%%

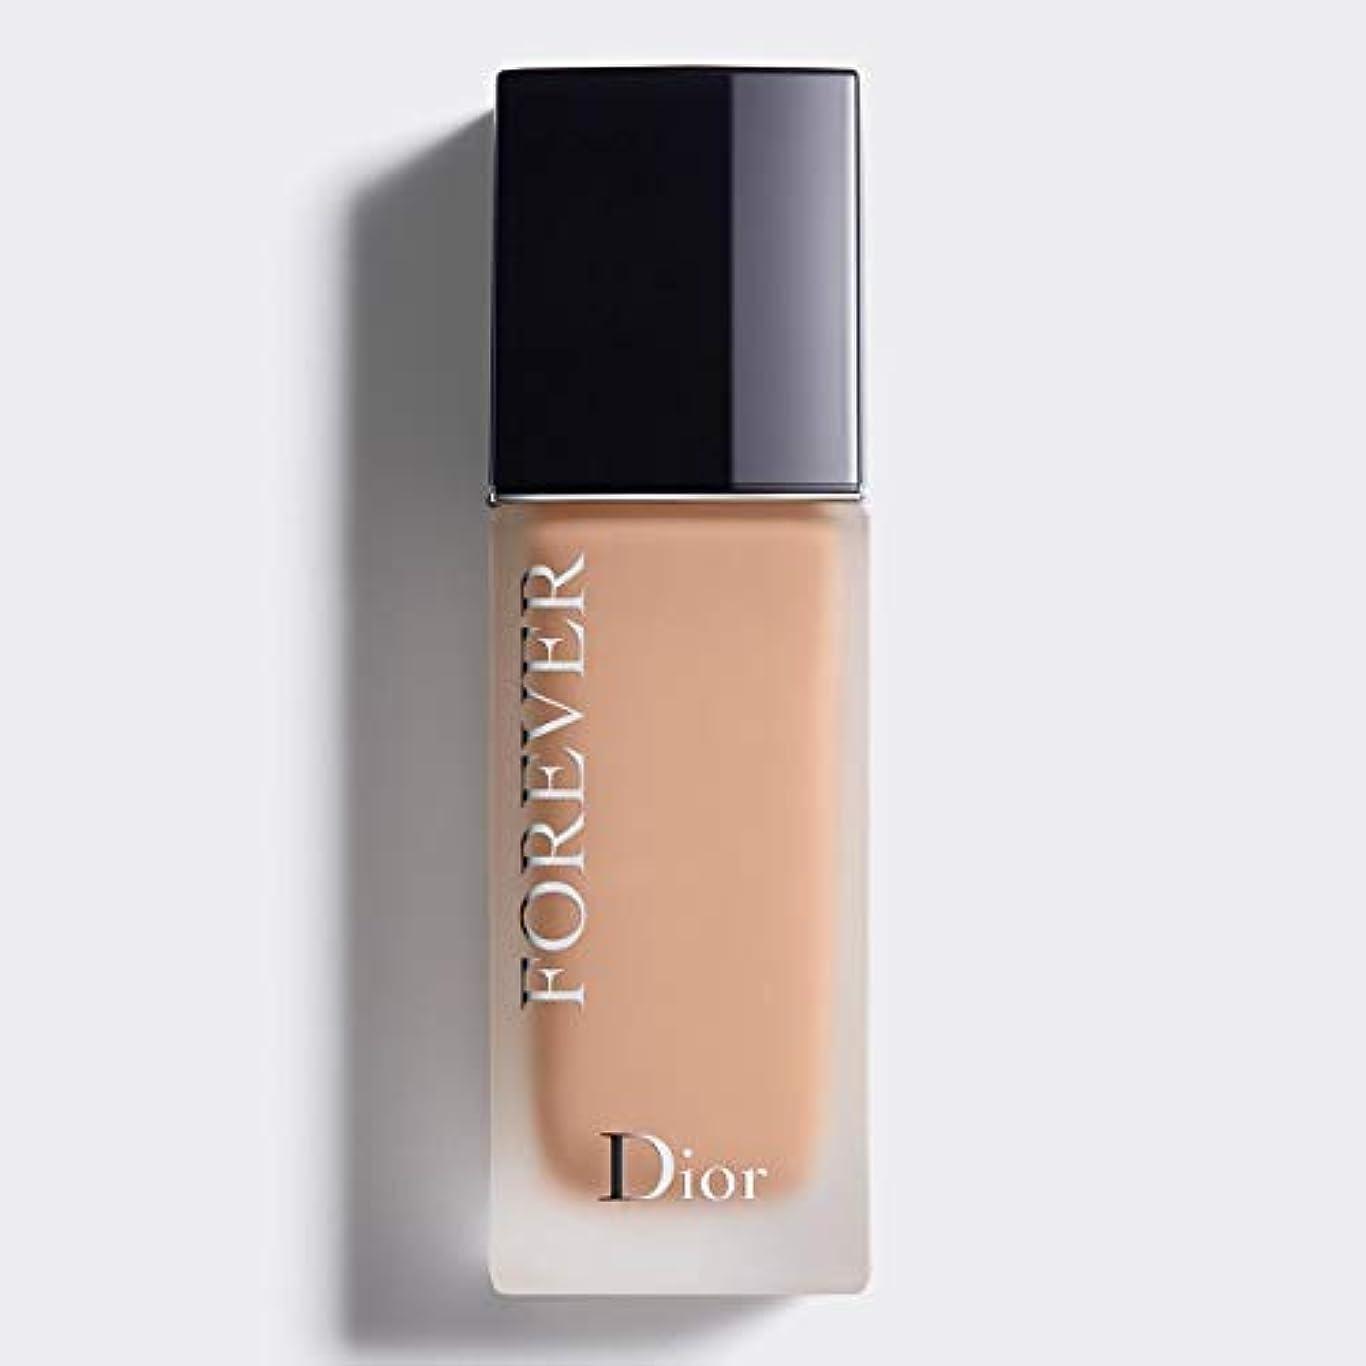 再生自動するクリスチャンディオール Dior Forever 24H Wear High Perfection Foundation SPF 35 - # 3CR (Cool Rosy) 30ml/1oz並行輸入品
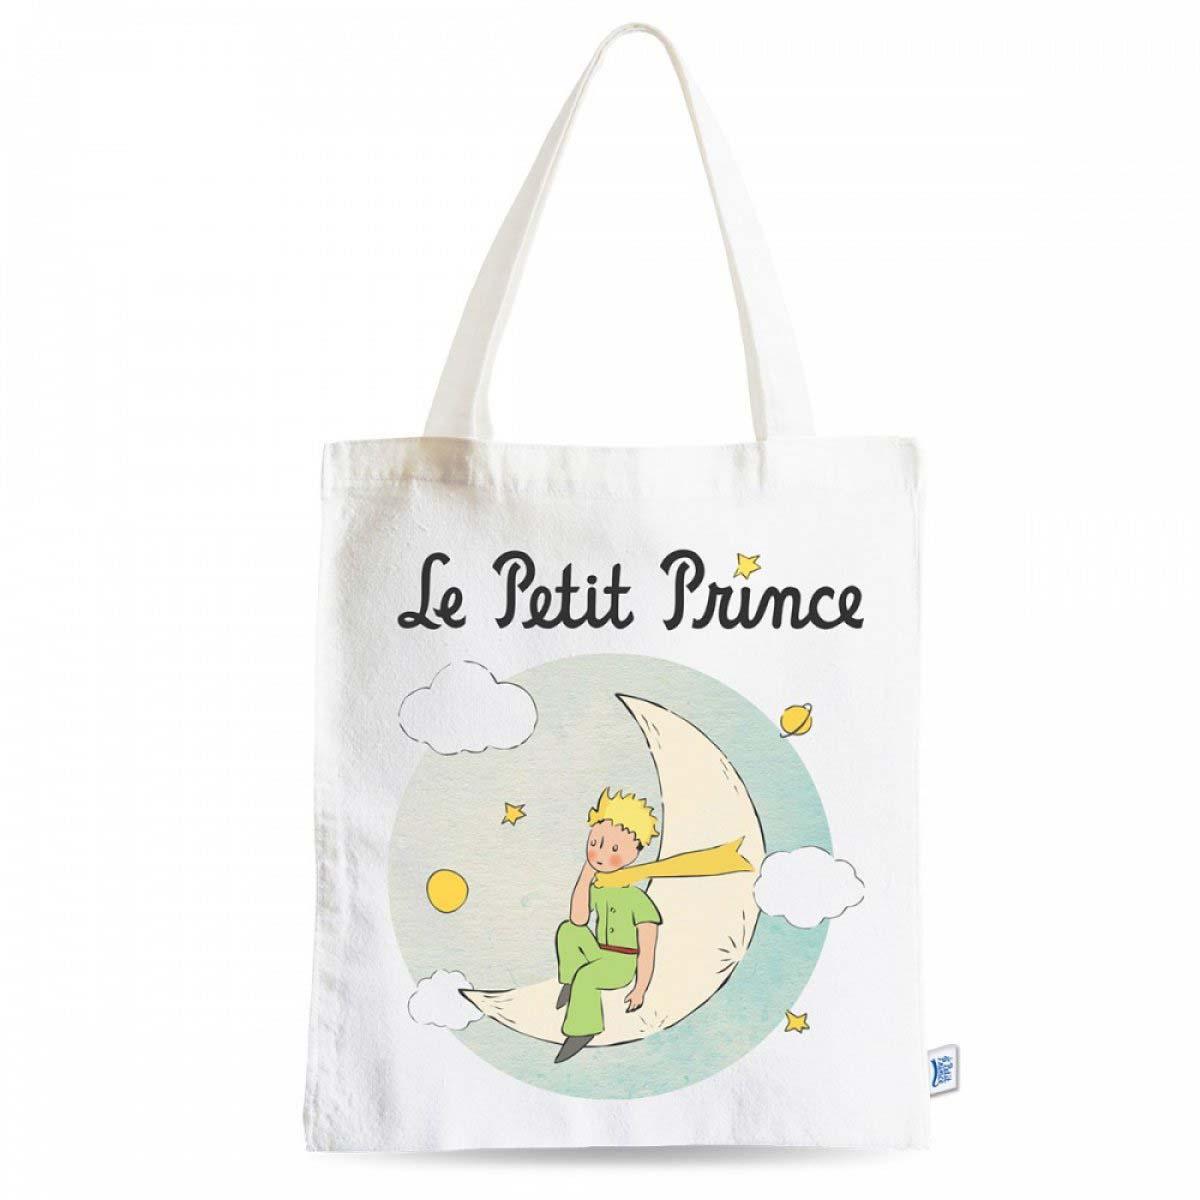 Sac coton / tote bag \'Le Petit Prince\' blanc bleu - 44x38 cm - [A0868]
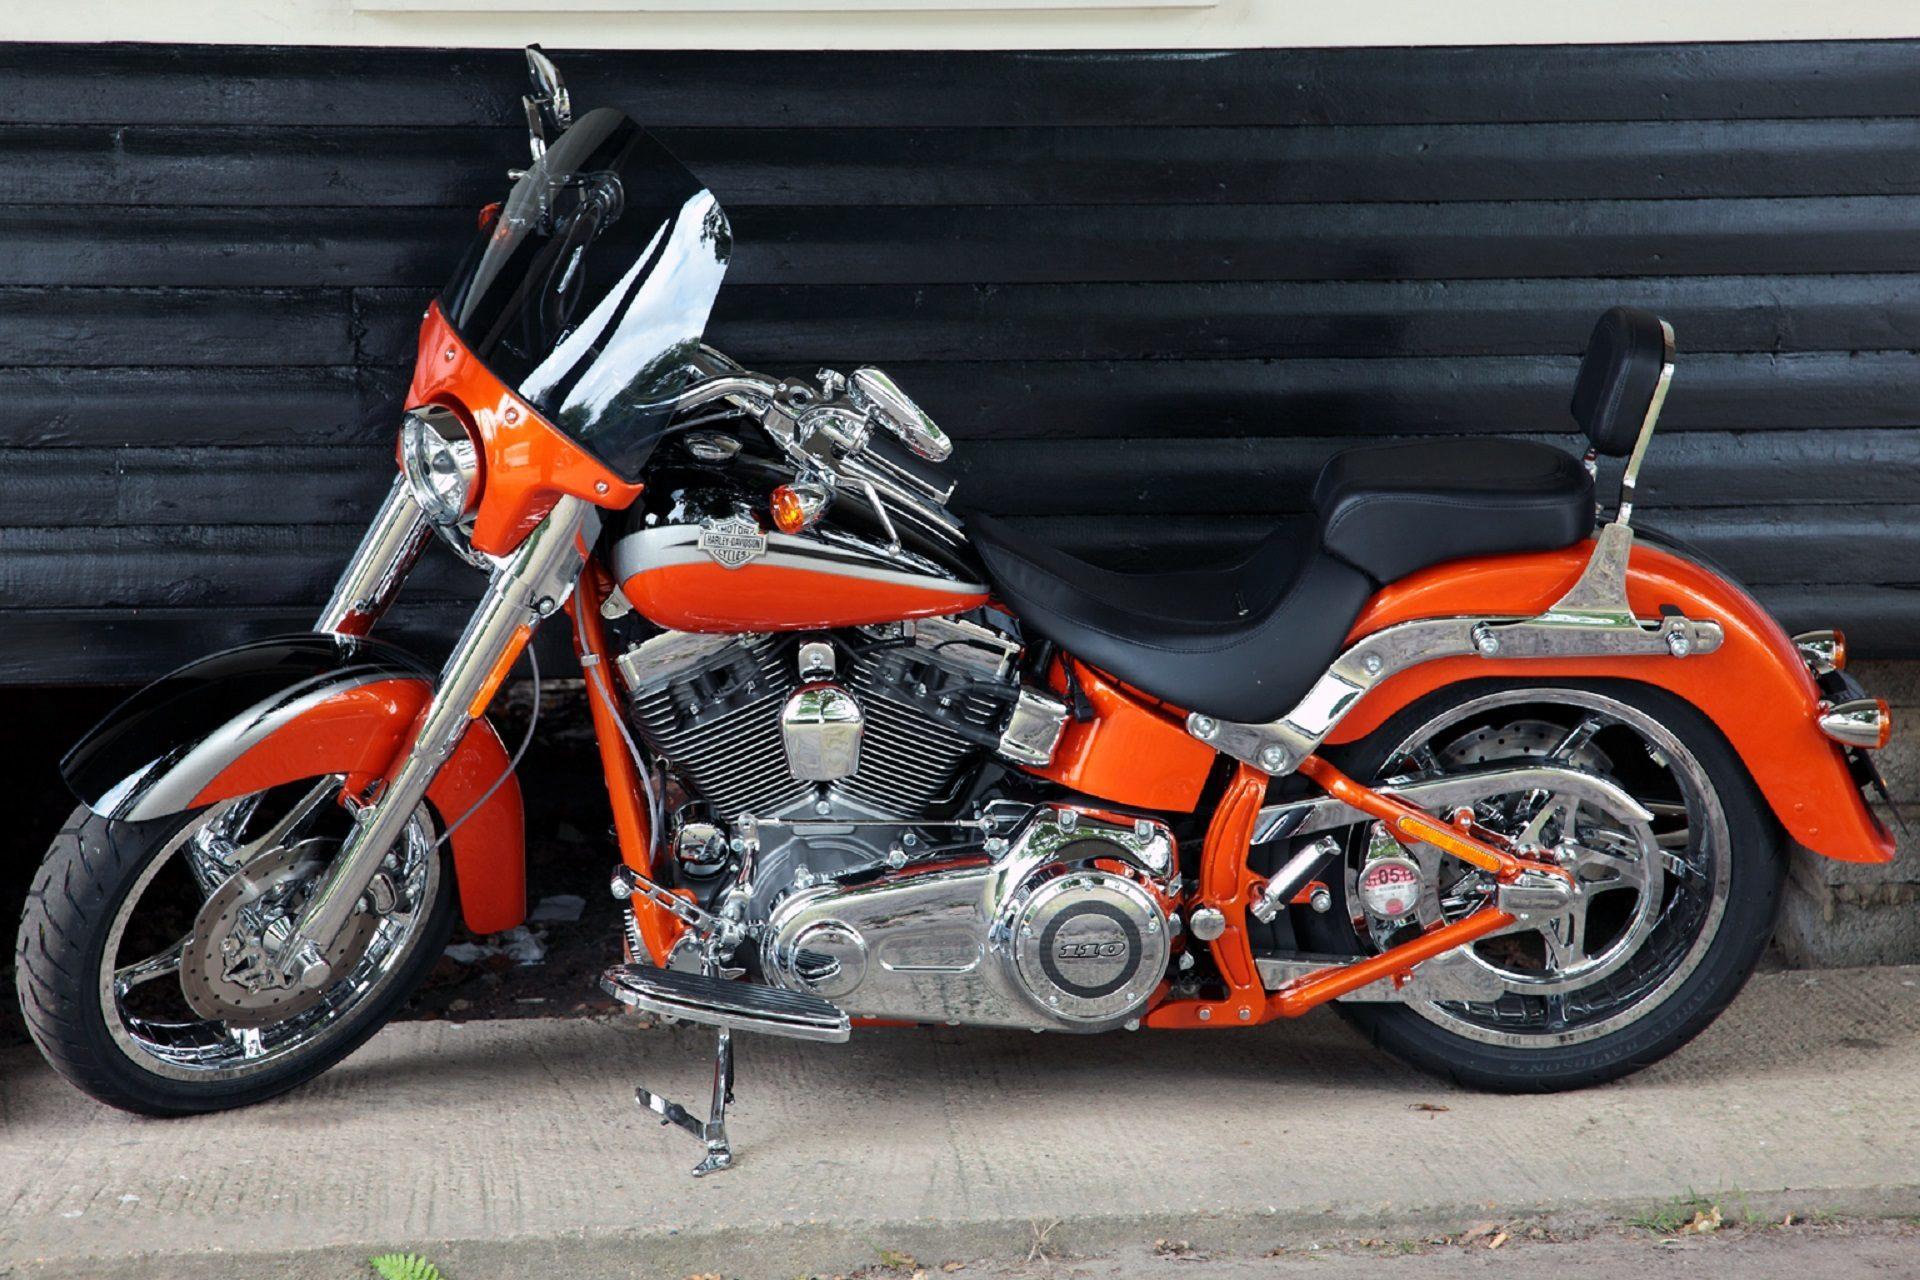 Moto, στυλ, το πάθος, Harley davidson, μοτοσικλέτα - Wallpapers HD - Professor-falken.com
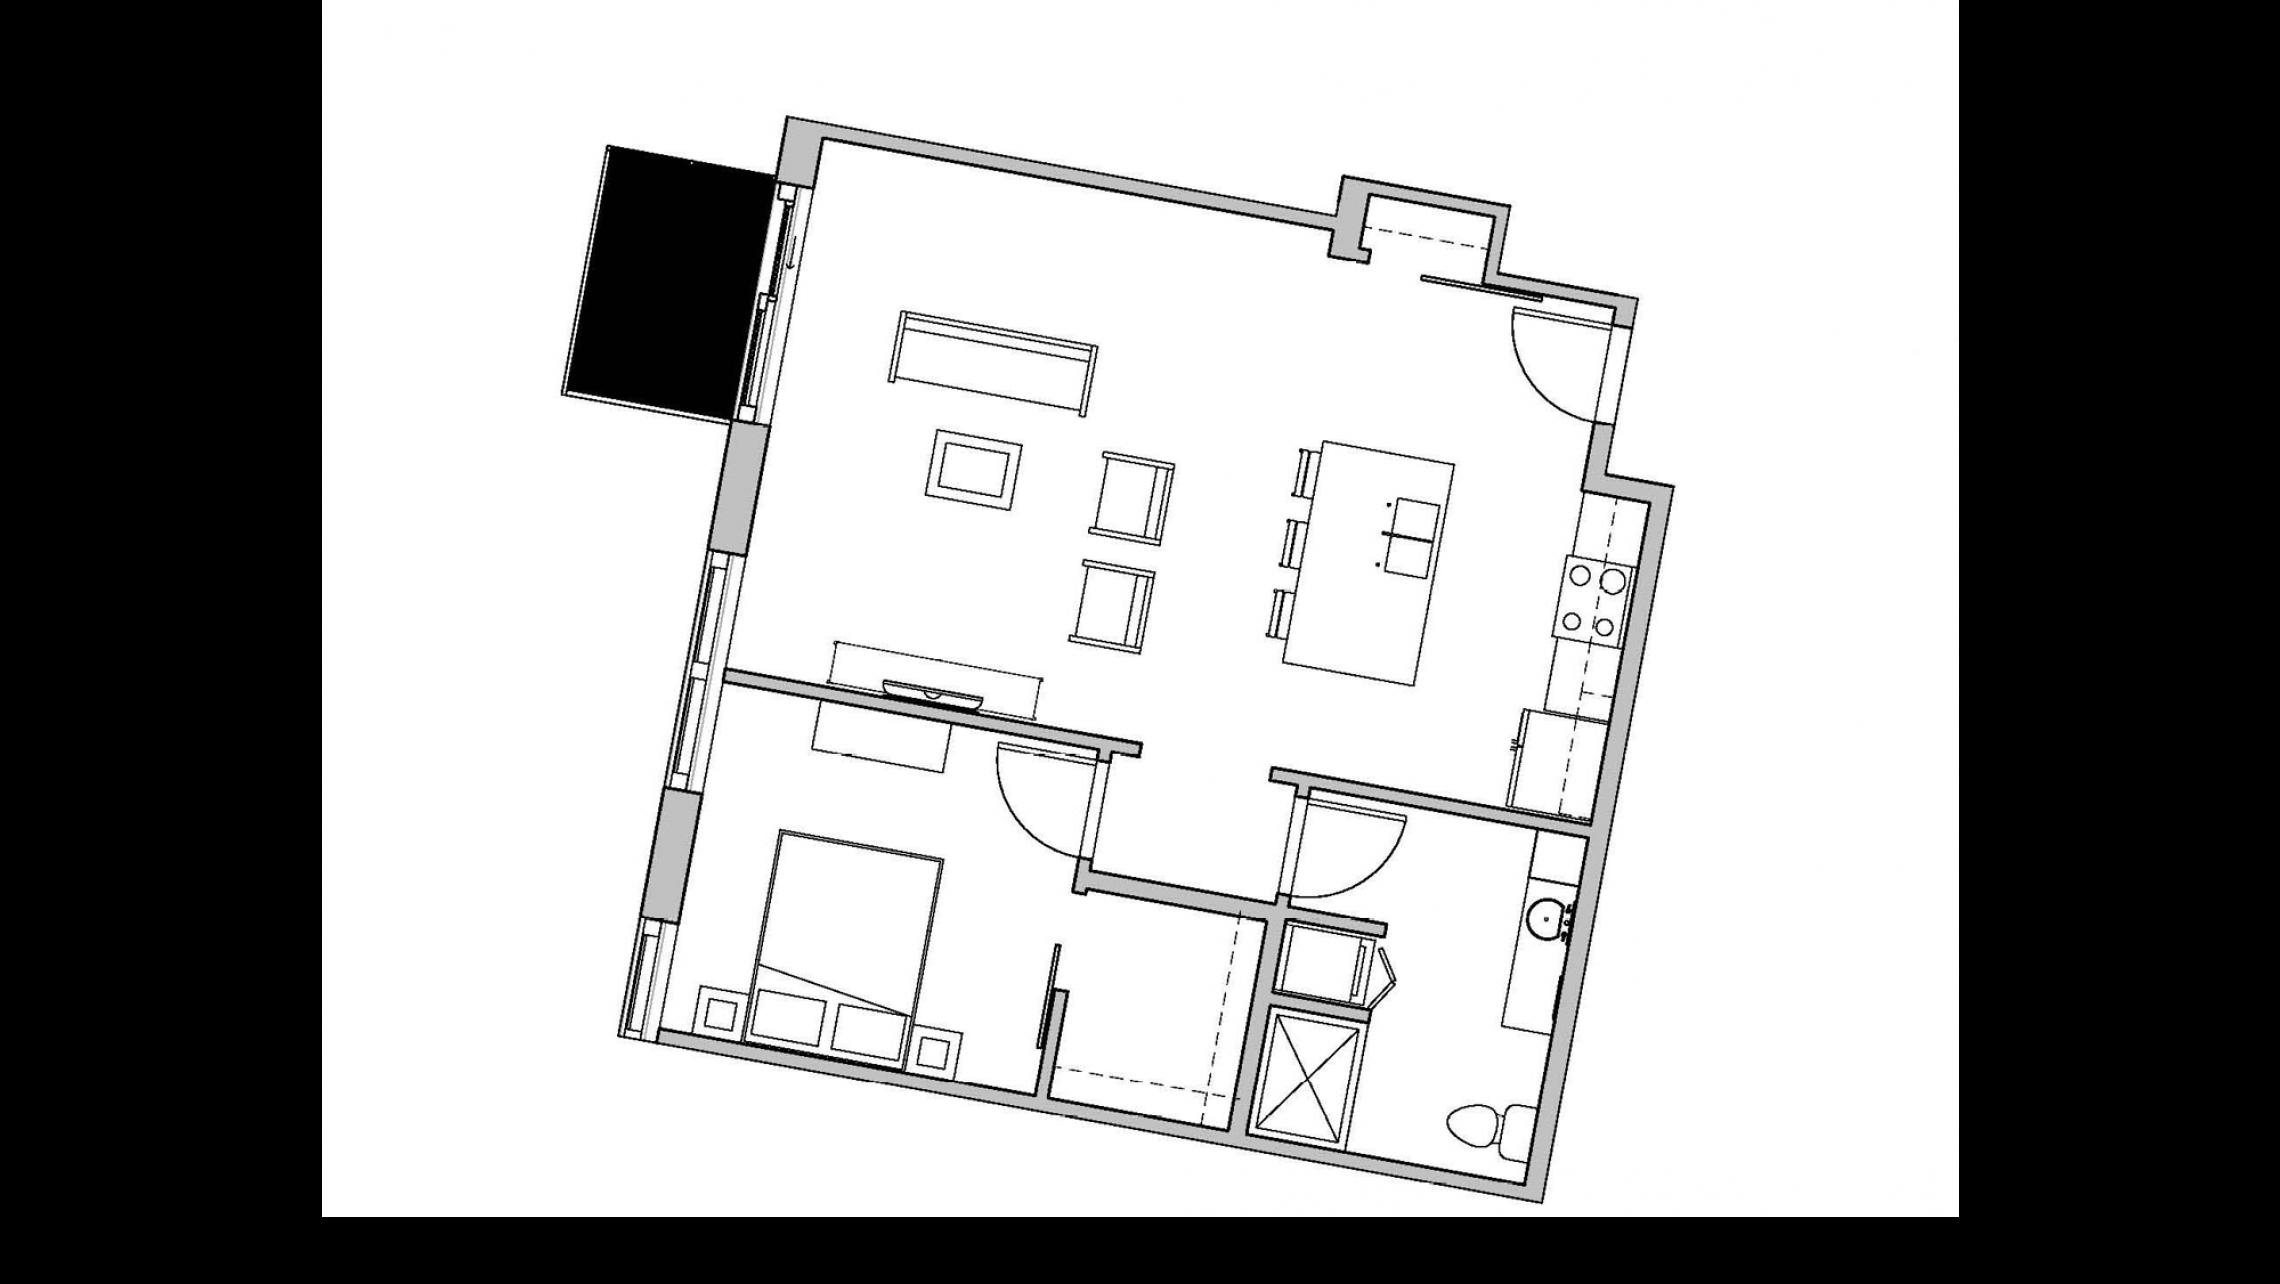 ULI Seven27 334 - One Bedroom, One Bathroom

%%

Goal of the exercise:
Excluding the pictures, retype the line containing "Moto, στυλ, το" and all lines after it down to the end of the data above.

Task output:
 Moto, στυλ, το πάθος, Harley davidson, μοτοσικλέτα - Wallpapers HD - Professor-falken.com
 ULI Seven27 334 - One Bedroom, One Bathroom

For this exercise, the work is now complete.